Your goal -> From the entries below, reproduce exactly the line containing "Null Hübsche Geige, die", the line containing "Trägt das Etikett von Fr&hellip;", and every line in between, with nothing added.

Source data ->
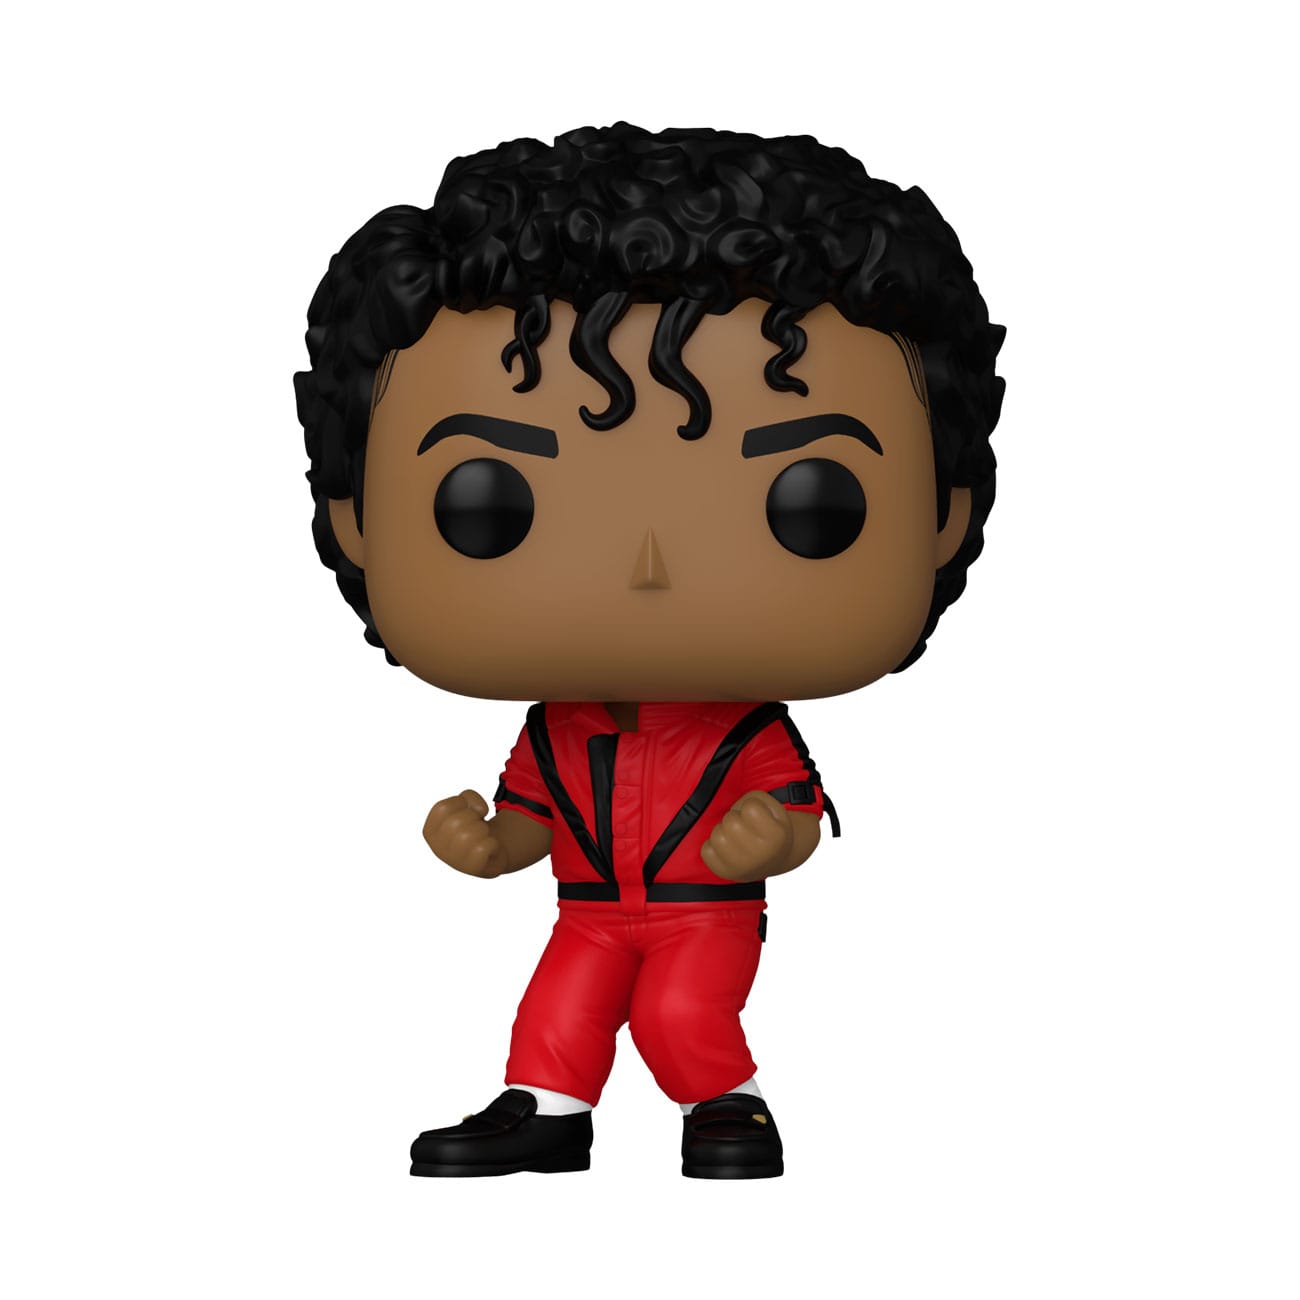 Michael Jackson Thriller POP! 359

==

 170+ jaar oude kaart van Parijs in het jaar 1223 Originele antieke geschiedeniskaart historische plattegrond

---

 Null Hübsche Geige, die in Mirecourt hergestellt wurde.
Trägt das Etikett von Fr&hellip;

Expected answer ->
 Null Hübsche Geige, die in Mirecourt hergestellt wurde.
Trägt das Etikett von Fr&hellip;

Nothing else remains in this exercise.